# WHAT YOU ARE ASKED TO DO
Your answer must be the exact lines from the one with "Facebook Funny Jokes" to the end of the data, both included, with no pictures.

# INFORMATION SHOWN
- Opening Delimiter -

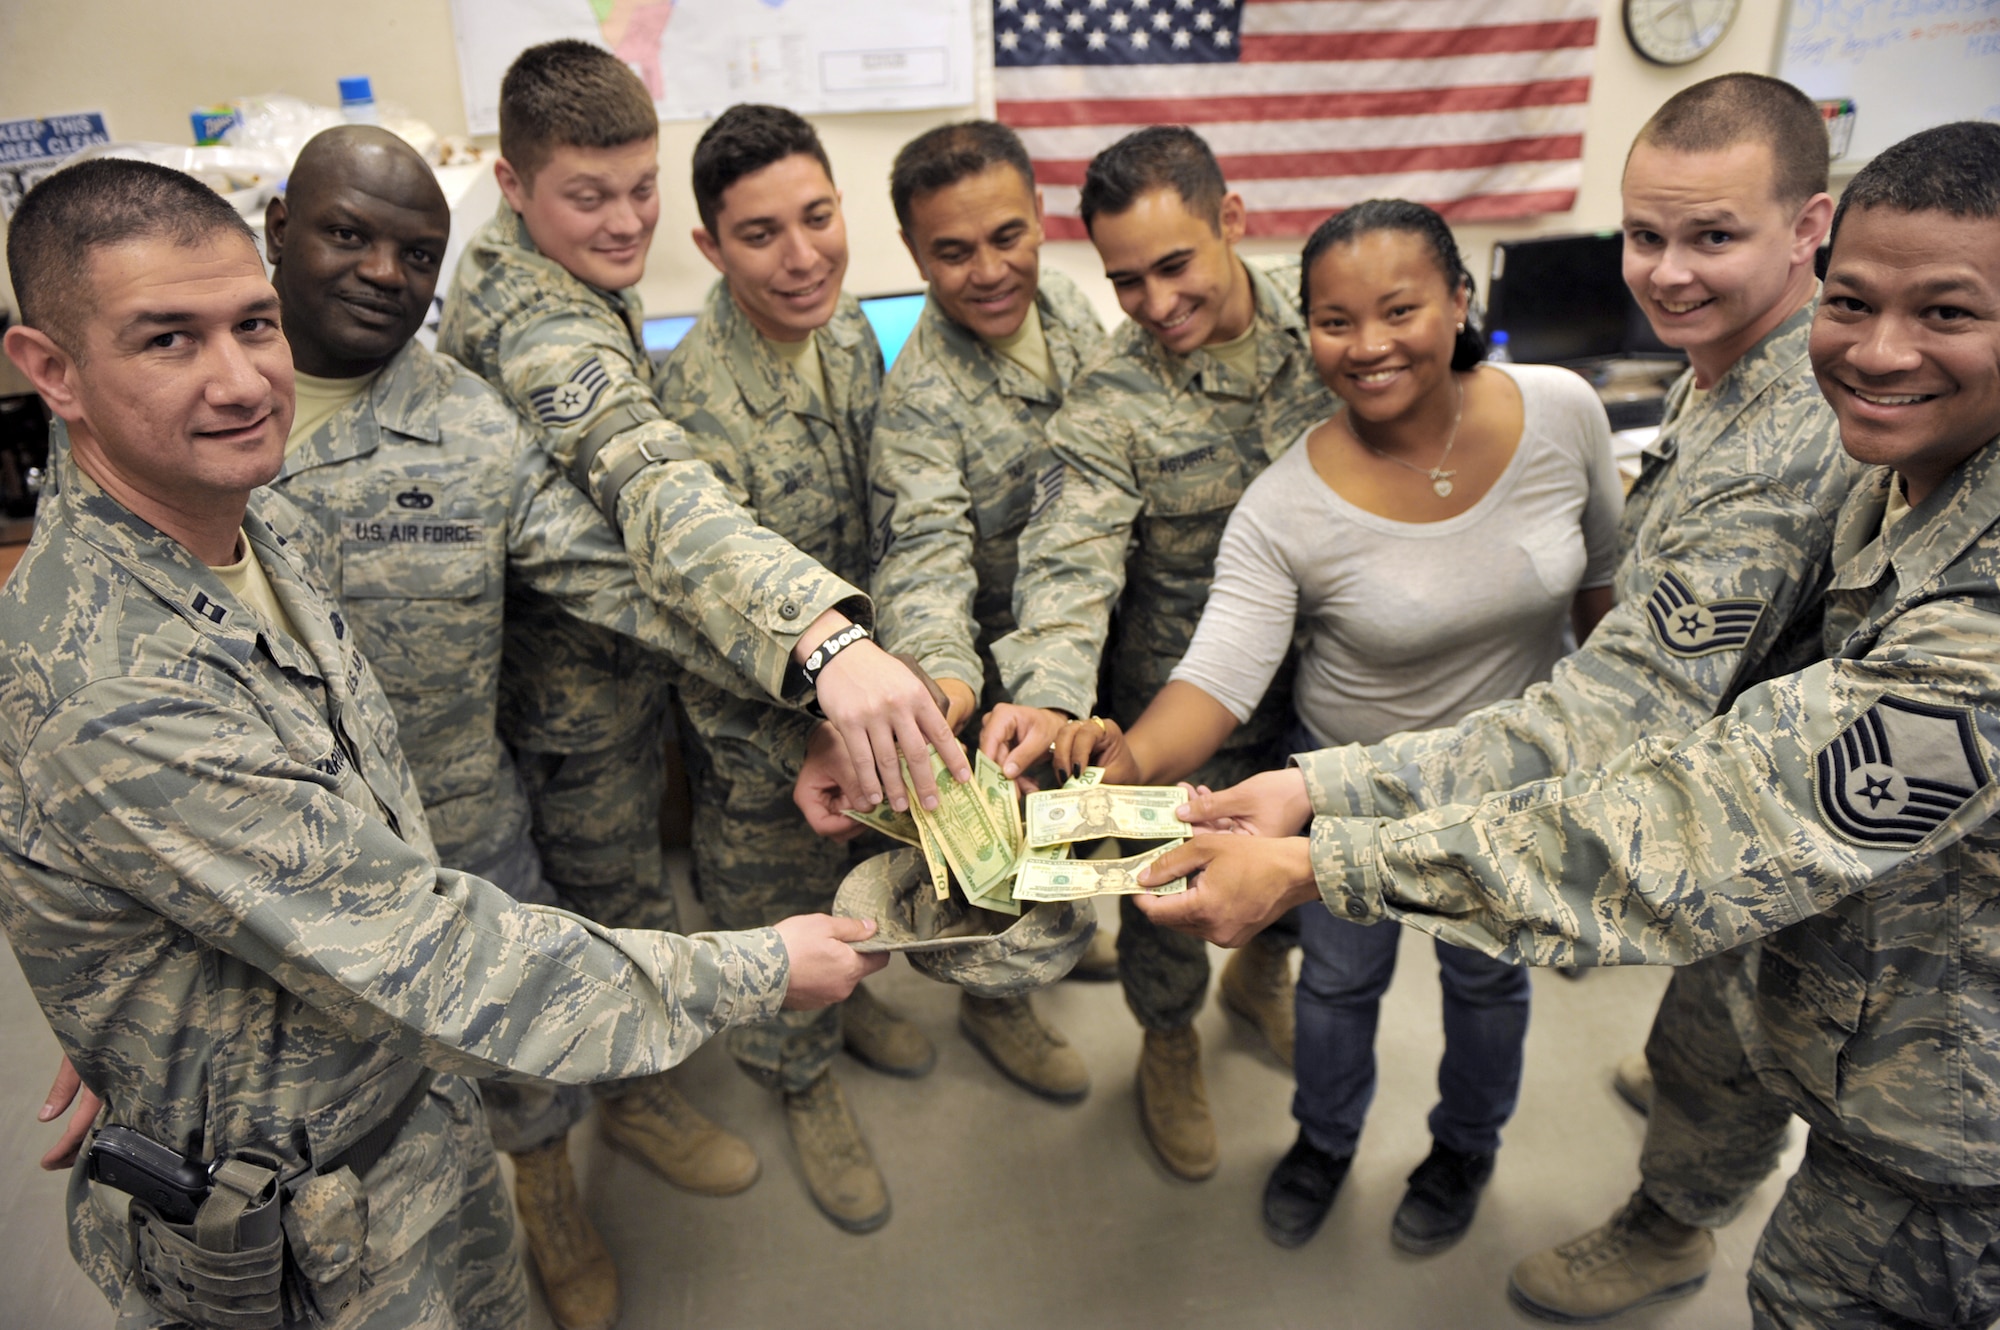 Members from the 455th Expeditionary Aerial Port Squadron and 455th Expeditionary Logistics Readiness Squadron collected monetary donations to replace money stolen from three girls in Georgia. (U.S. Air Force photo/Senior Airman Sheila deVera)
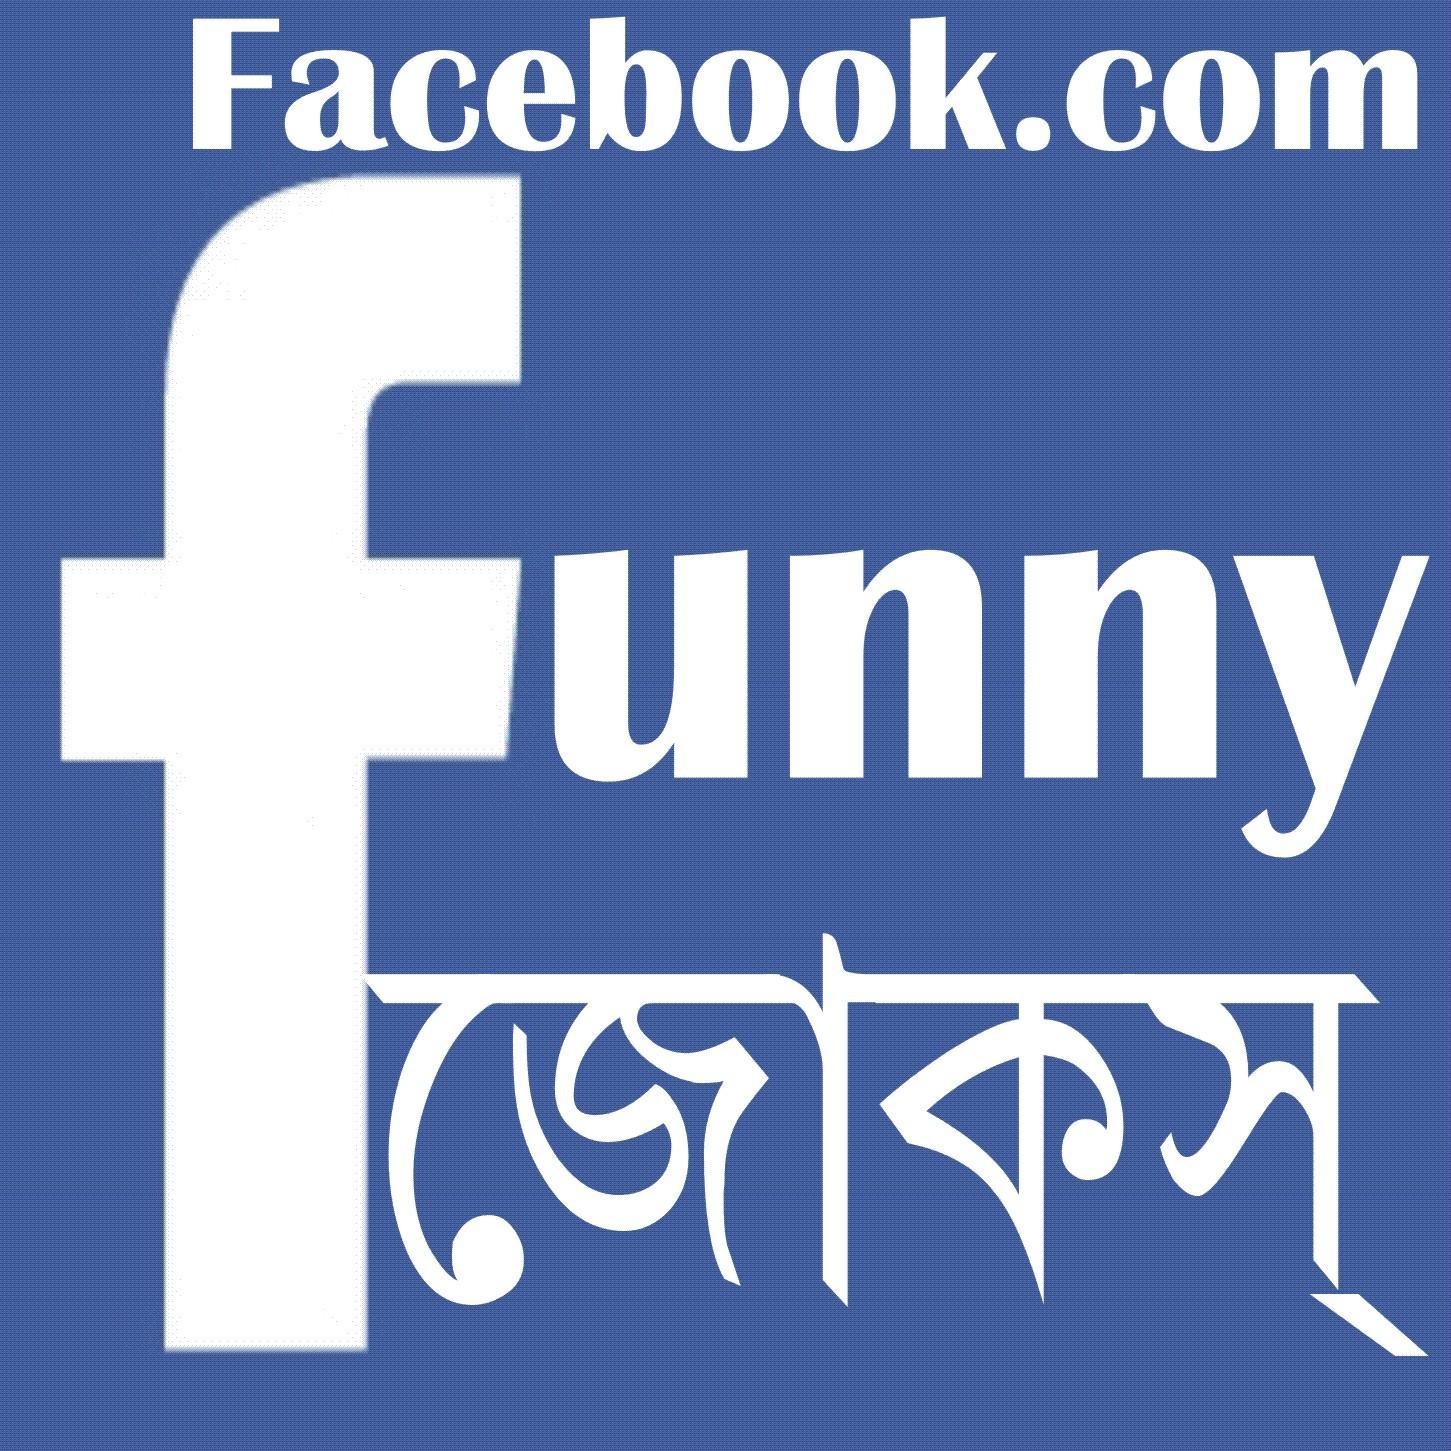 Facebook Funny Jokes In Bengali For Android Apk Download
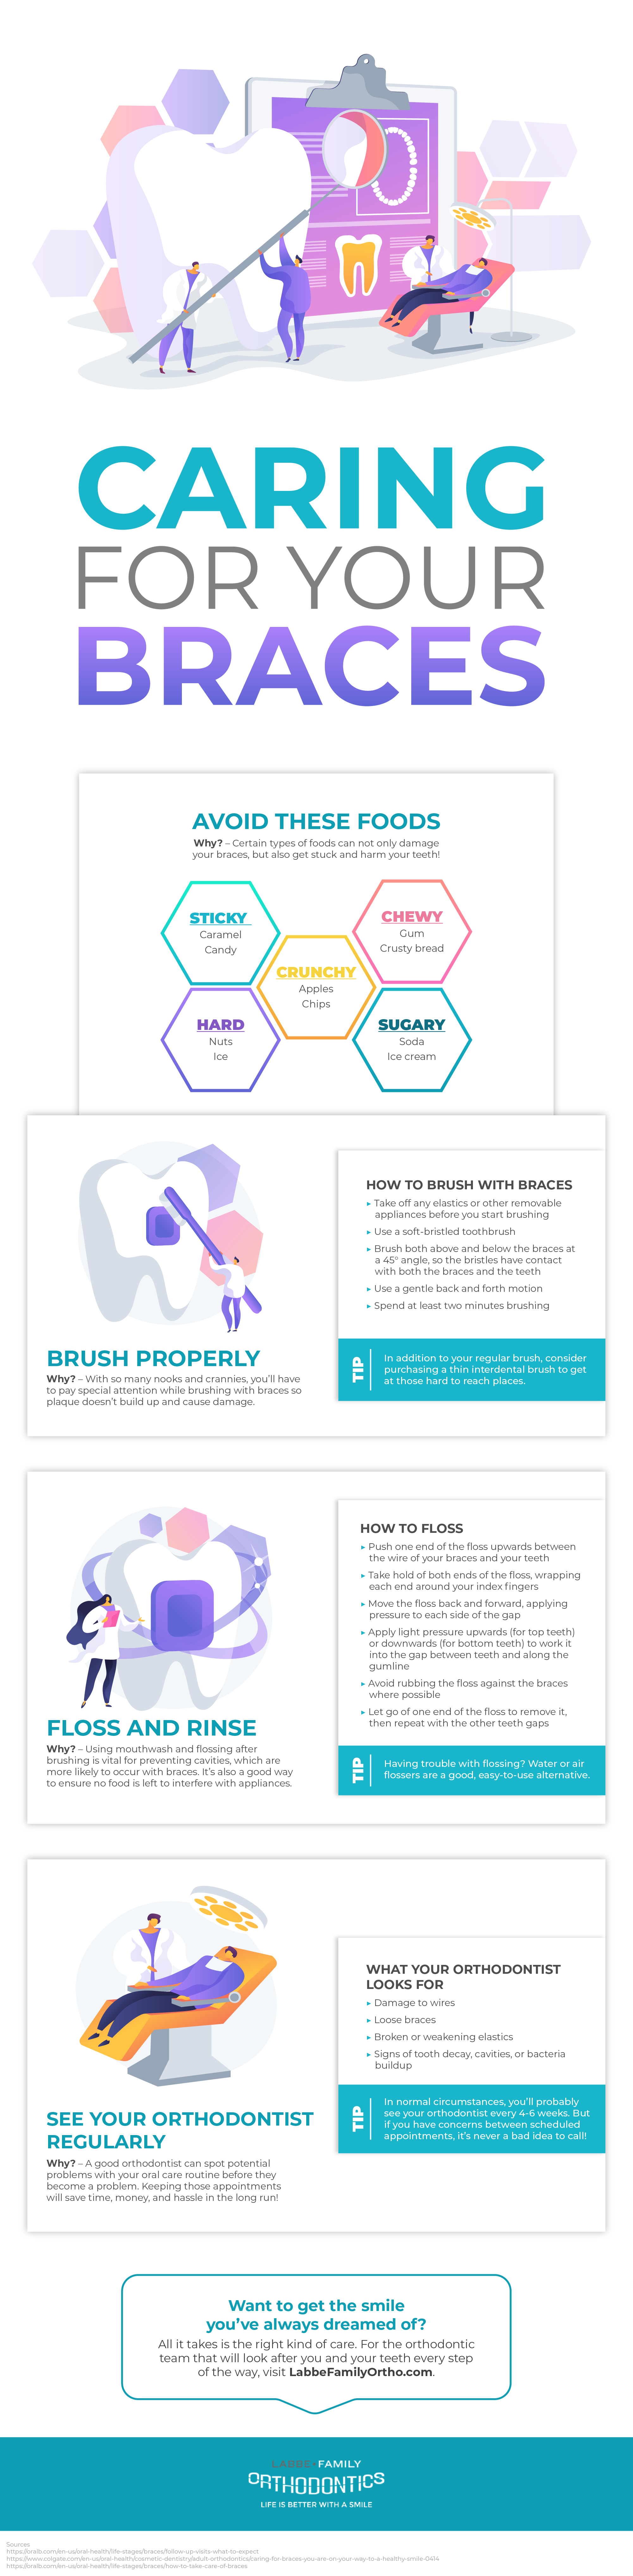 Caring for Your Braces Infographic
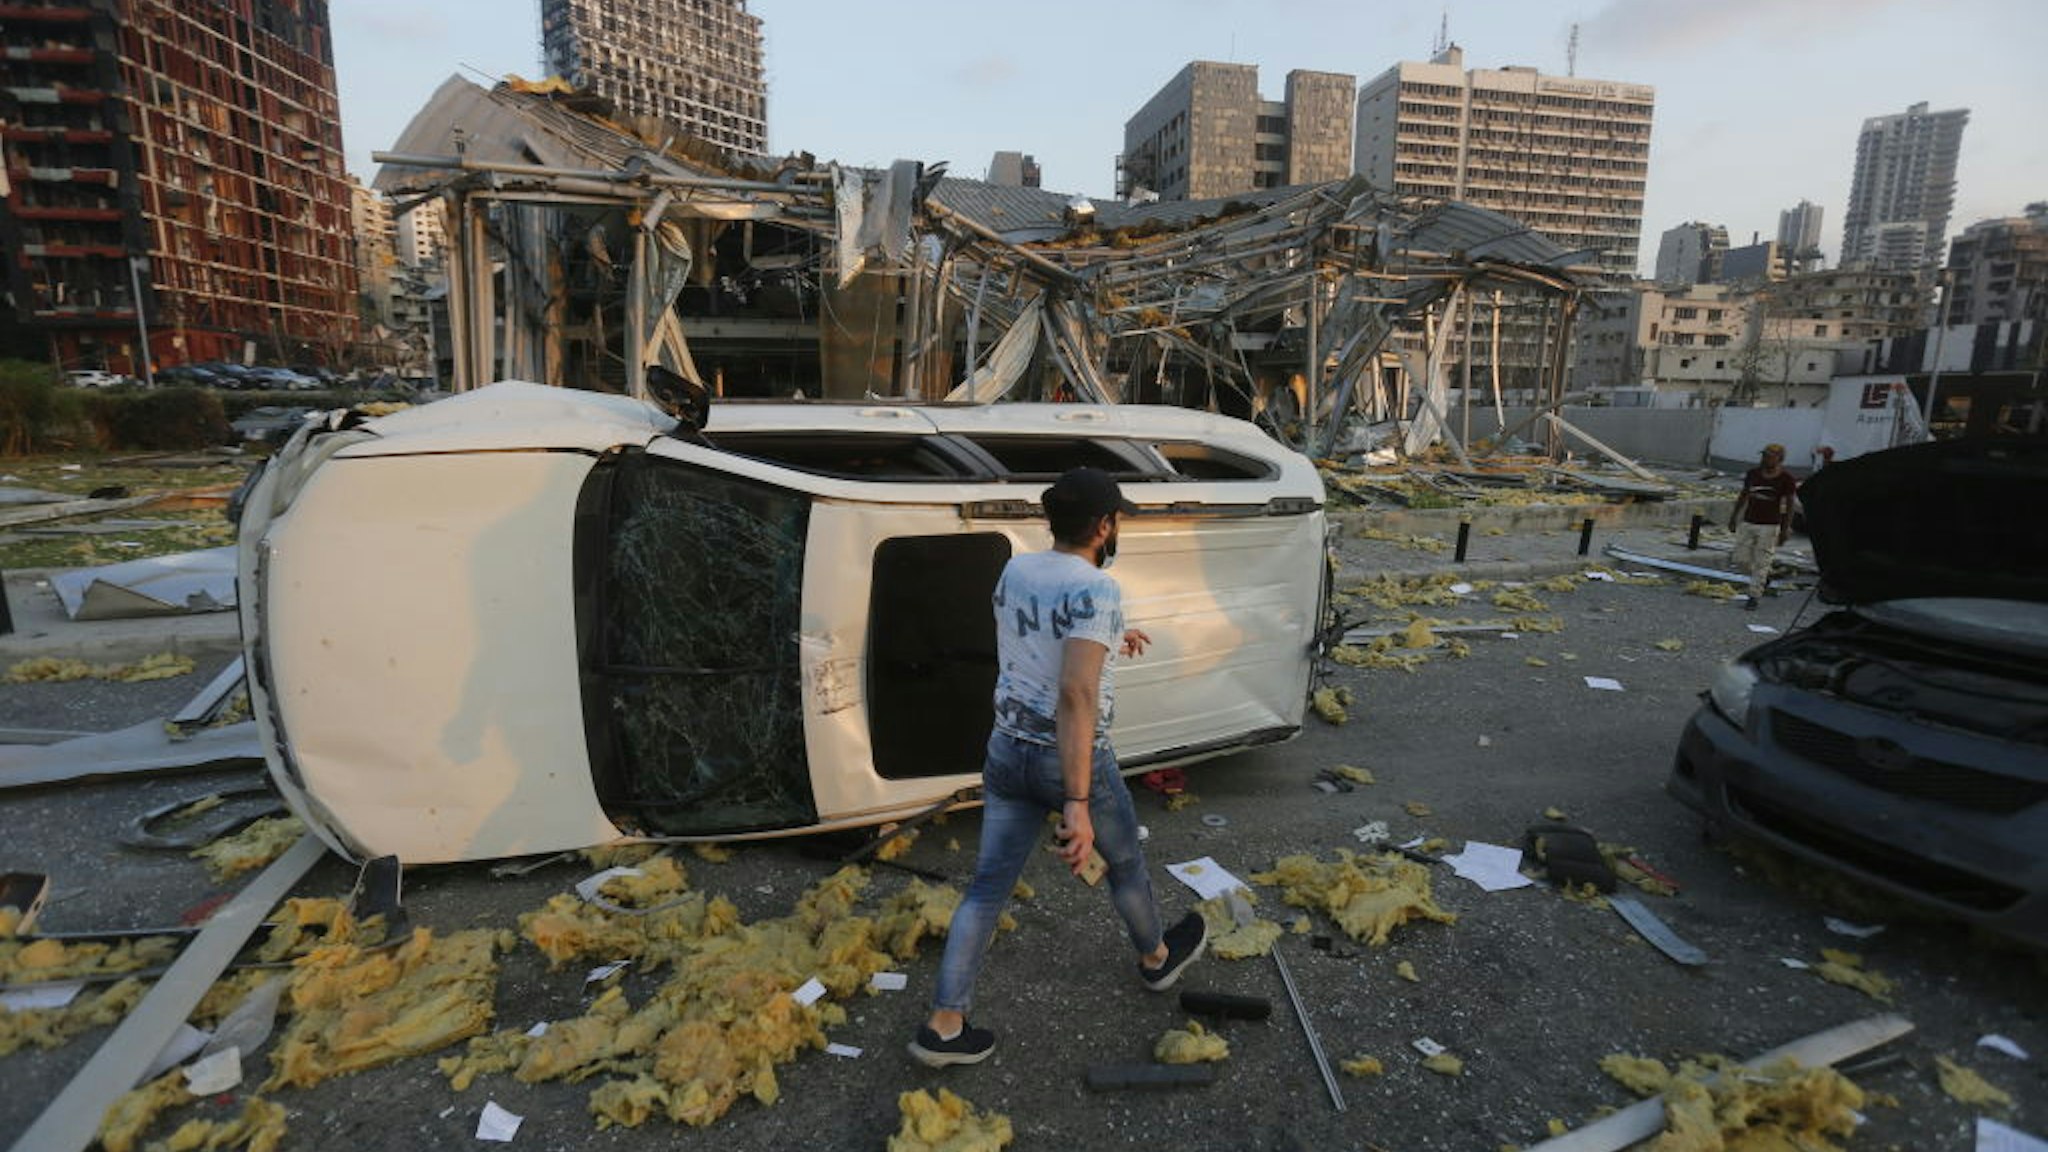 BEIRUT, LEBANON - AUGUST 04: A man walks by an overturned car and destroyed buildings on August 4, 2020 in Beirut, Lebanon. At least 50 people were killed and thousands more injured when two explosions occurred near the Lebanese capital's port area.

- Closing Delimiter -

# PROBLEM SOLUTION
 Facebook Funny Jokes In Bengali For Android Apk Download
 Caring for Your Braces Infographic
 BEIRUT, LEBANON - AUGUST 04: A man walks by an overturned car and destroyed buildings on August 4, 2020 in Beirut, Lebanon. At least 50 people were killed and thousands more injured when two explosions occurred near the Lebanese capital's port area.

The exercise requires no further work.